大型包装のもう一つは、大型養生梱包という方法です。養生とは物品やそれを運搬する際に周囲の汚損を防ぐため、布やテープなどで保護する作業を指しますが、大型養生梱包も同じように物品を包みます。

大型養生梱包を行う時は通常の養生テープではなく、耐久・耐候性の高い防錆機能がある大型のシートを使用します。

大型シュリンク梱包と大型養生梱包のメリット

従来の大型包装と比べて、大型シュリンク梱包と大型養生梱包にはどういったメリットがあるのでしょうか。ここでは、大きく3つのメリットを解説します。

屋外でも長期保管ができる

屋外に保管する場合でも、長期保管が可能な点が大型シュリンク梱包と大型養生梱包のメリットの一つです。屋外保管では錆を抑えることが重要ですが、大型シュリンク梱包では気化性防錆フィルムなどが使われているため、屋外での防錆対策になります。

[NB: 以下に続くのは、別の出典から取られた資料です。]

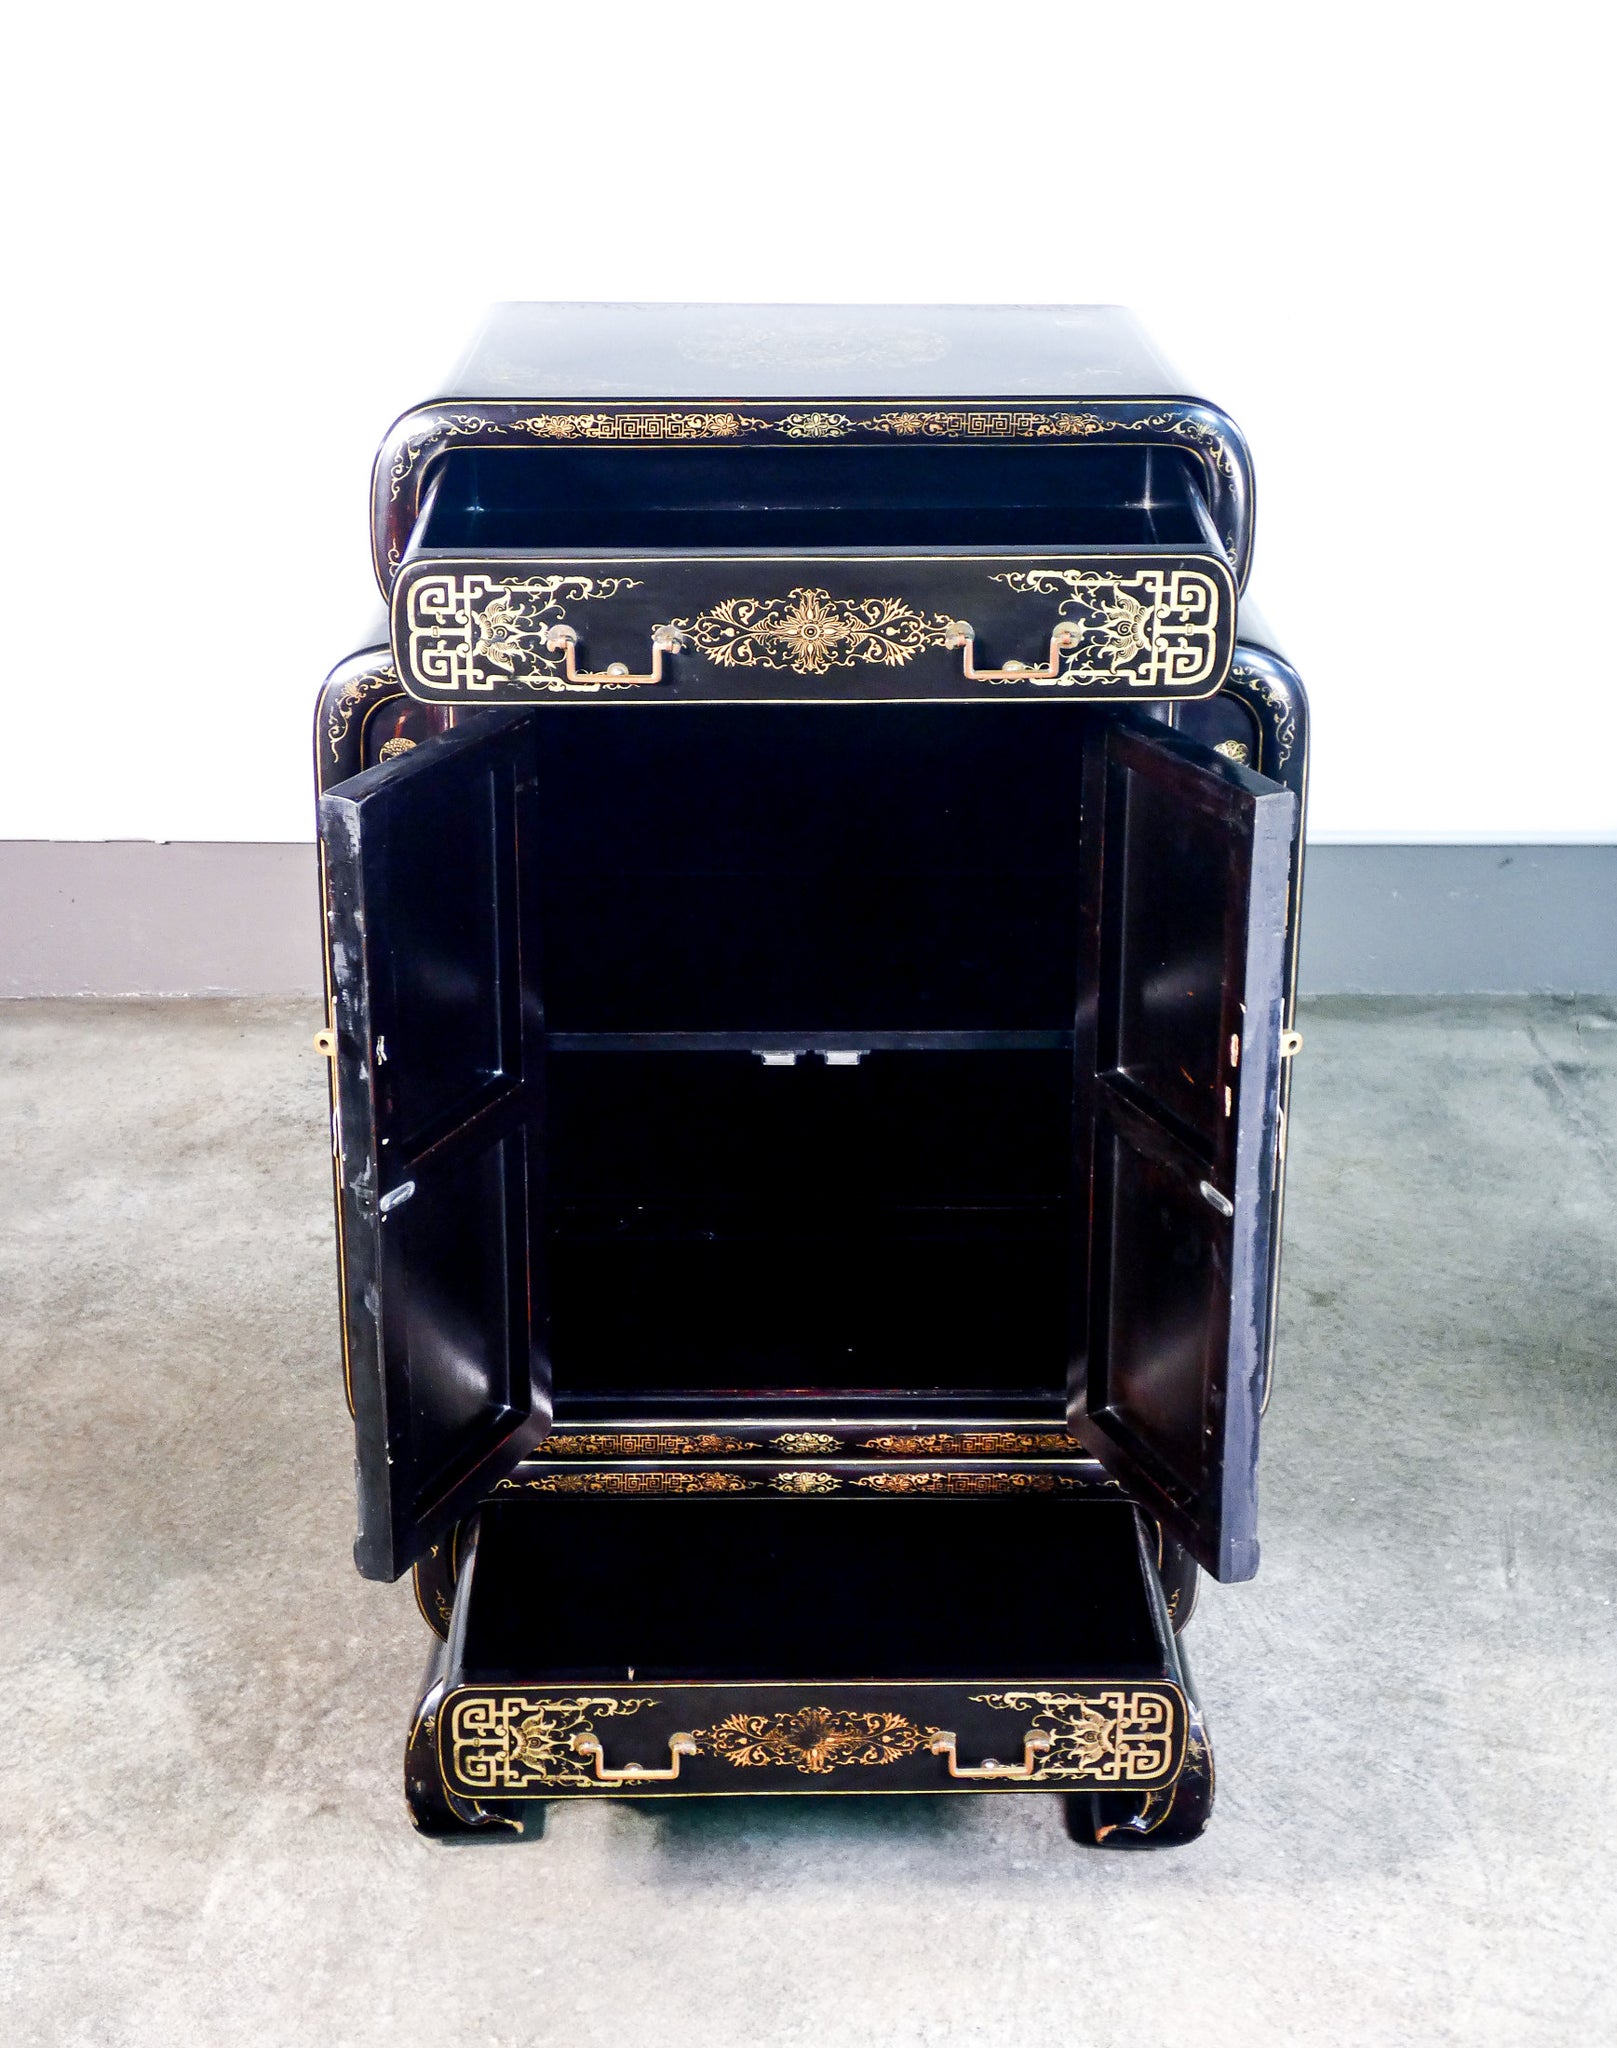 credenza cinese legno laccato nero intarsiato cina xx sec pietra cassetti

また、高い防水性・防塵性も備わっているため、雨風や雪に対しても安心です。包装に使う素材の強度も高く、汚損の他に傷や破損も防げます。

梱包・保管費用を削減できる

屋外での長期保管は、雨風や汚損を防ぐ対策を取り、場合によっては保管のために大型の倉庫を準備しなければなりません。このため、屋外での長期保管はコストがかかります。
しかし、耐久性が高く厚手で丈夫なシュリンクフィルムやシートで包装することで、屋外保管用の倉庫やメンテナンスが不要となり、コストを削減できます。

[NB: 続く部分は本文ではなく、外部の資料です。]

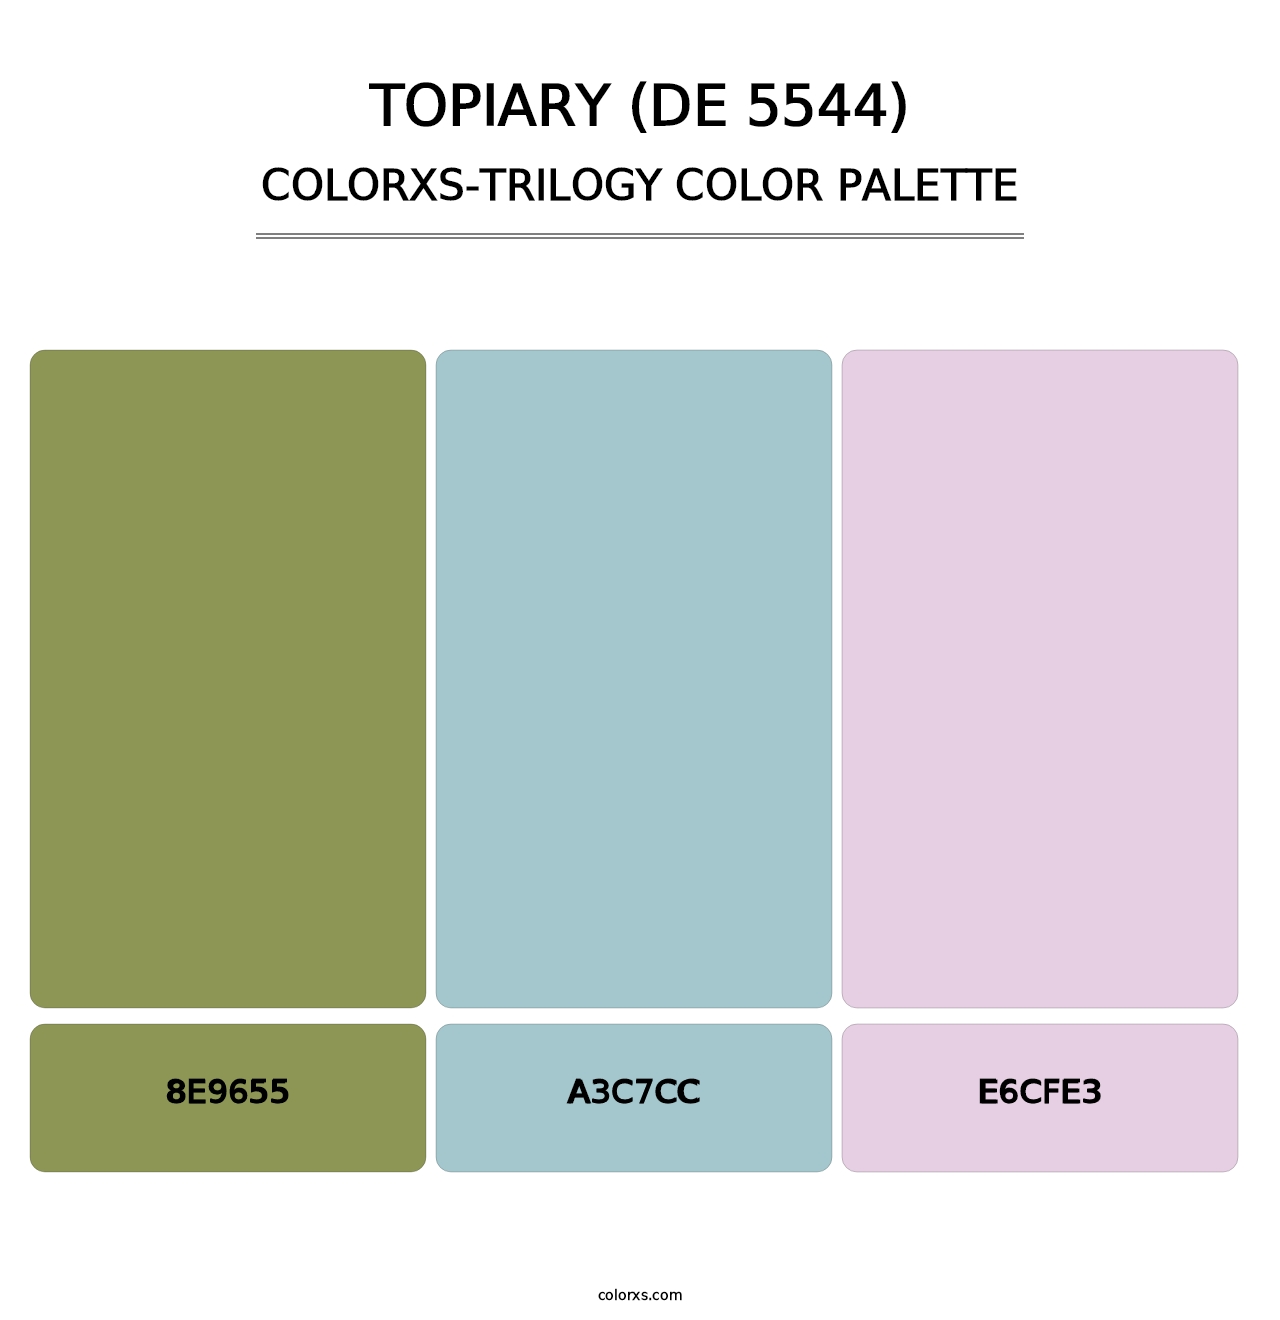 Topiary (DE 5544) - Colorxs Trilogy Palette

また、大型シュリンク梱包と大型養生梱包は、他の包装と比べて工数が少なく包装素材にかかる費用も抑えられるため、トータルでのコスト削減が可能です。

施行時間を短縮できる

前述の通り、大型シュリンク梱包と大型養生梱包は工数が比較的少ないため、大型包装で時々使用される木枠梱包よりも施行時間を短縮できる点もメリットです。

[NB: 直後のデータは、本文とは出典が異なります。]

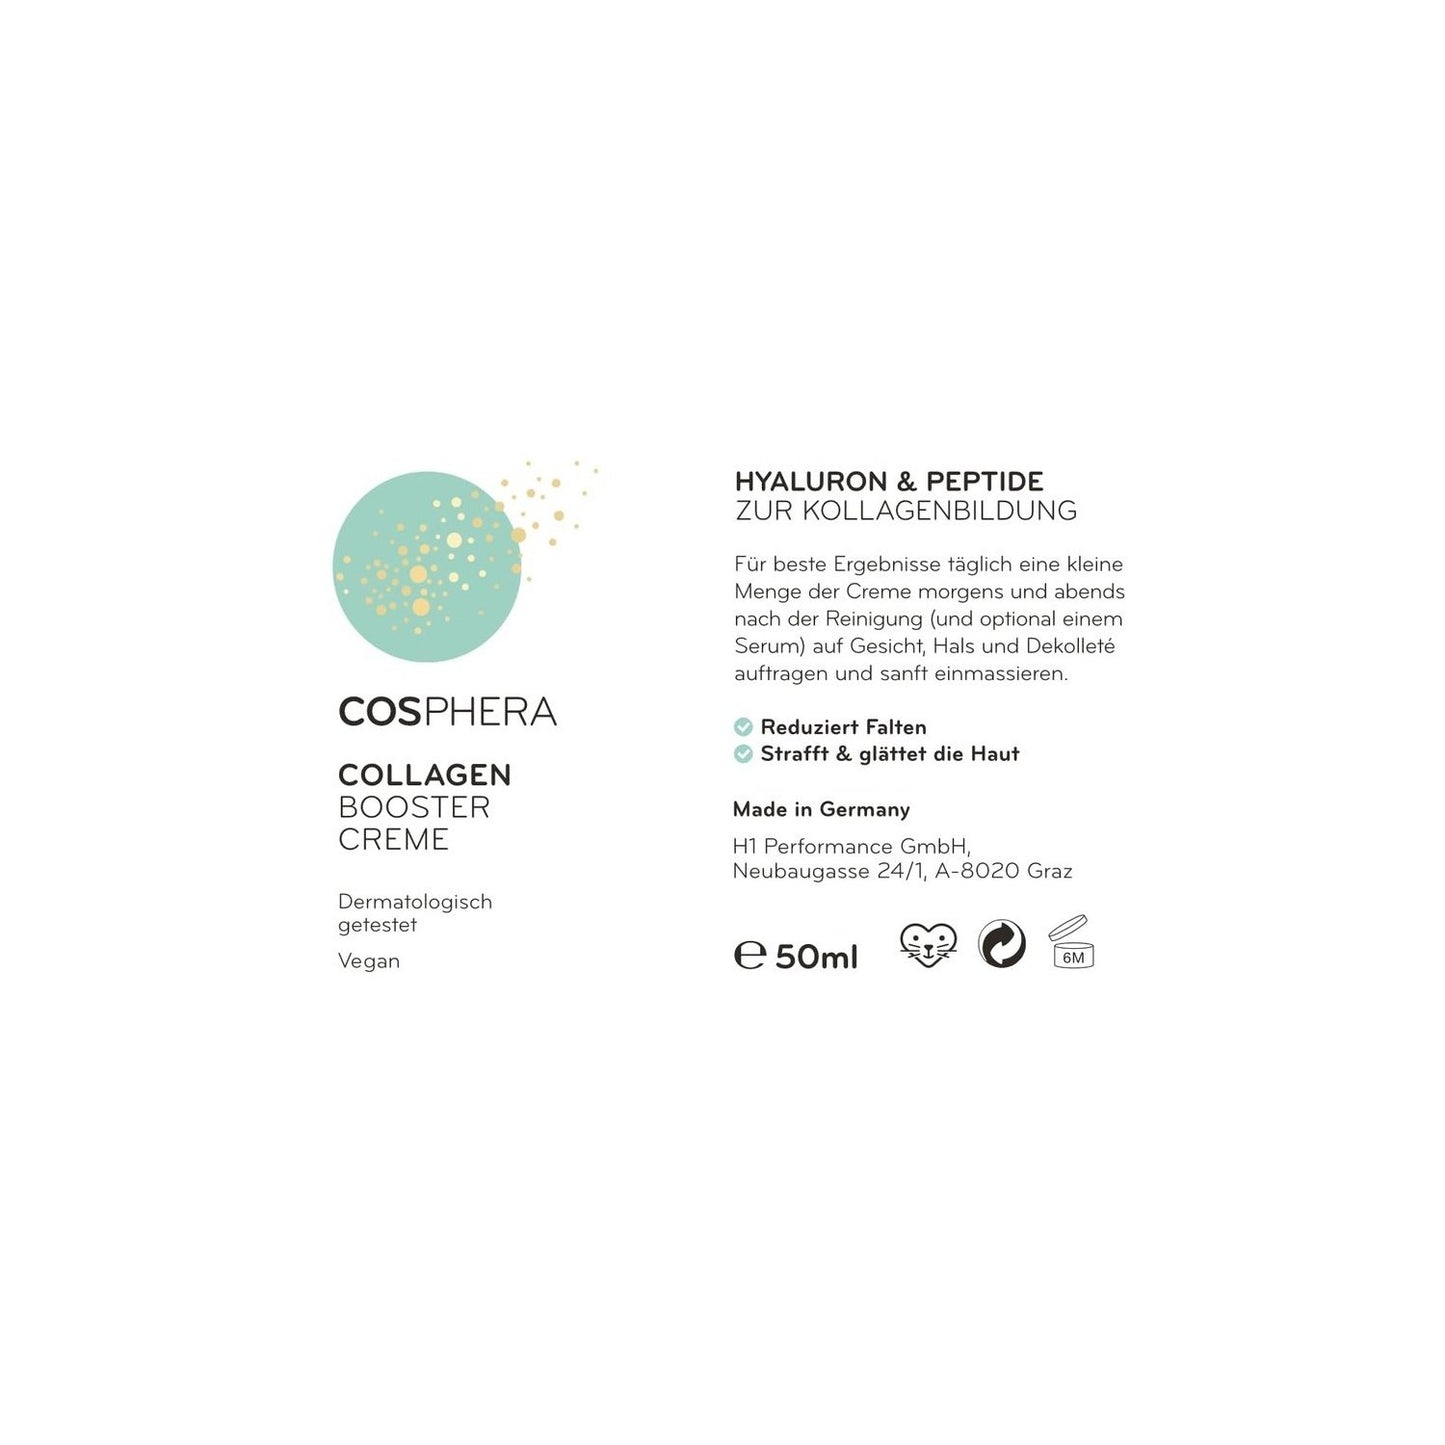 Cosphera - Collagen Booster Creme

大型の物でも形状に関係なく施工できる梱包方法であることから、準備の手間もほとんどないといえます。

大型包装で用いられる他の方法

よく用いられる大型包装の方法は、先に紹介した大型シュリンク梱包と大型養生梱包の2つです。この他にも、大型包装として使われる梱包方法があります。

木枠梱包

すかし箱やクレート箱といった、木製の箱に梱包する方法が木枠梱包です。ダンボール箱では強度が足りない大型機械などで、長期間の保管や通気性の確保が必要な物品を国内輸送する際に用いられます。

現在では、木枠梱包を用いて行っていた大型包装を、大型シュリンク梱包や大型養生梱包に切り替えるケースも出てきています。この切り替えによって、木材を使用することなく包装作業が行えるうえに、時間やコストも抑えられるためです。

フレコンバック

樹脂でできた大型の布の容器に、吊り上げ用の頑丈なベルトが付いている袋です。フレコンバッグは略してフレコン、あるいはクロスコンテナバッグなどとも呼ばれます。

フレコンバックは、フォークリフトやクレーンを使って吊り上げて運搬でき、輸送や保管、仕分けにも対応可能です。製品の他、原料や廃棄物の輸送にも向いています。

大型包装の事例紹介

大型包装を実施したケースとして、大きい荷物の梱包をダンボール以外で行った事例を3つ紹介します。

大型プラントの海外輸送

海上輸送を行う場合、従来の木枠梱包では大型プラントの包装が難しかったため、ビッグサイズ対応のドクターシュリンクフィルムを使用し、大型シュリンク梱包を実施しました。これにより、木枠梱包を行う場合と比べて施工日数、コスト共に大きく削減できています。

タンカー用設備

ローディングアーム(タンカーから液化天然ガスなどを陸揚げする際に使用する設備)の予備機を保管するために、大型シュリンク包装で設備全体を丸ごと包装したことで、専用倉庫の建設を行わずに済みました。

鉄道

鉄道を海上輸送するため、車体を雨風や海水から保護するためにシートで覆いたいというケースでは、表面と裏面で異なるシートを使用したようです。表面には雨風や紫外線を防ぐシート、裏面は傷が付くのを防止する柔らかいシートを選び、車体を保護する方法で海上輸送しました。

まとめ

大型包装は大型機械や車両、プラント設備といった大きく重量がある物を、輸送したり保管したりする際に行います。強度が高いダンボールや木枠梱包を使用するケースもありますが、よく用いられる方法は大型シュリンク梱包と大型養生梱包です。

それぞれの梱包では使用できる素材も変わってくるため、商品や荷物をどのように保管・輸送するかで、適切な素材を選ぶようにしましょう。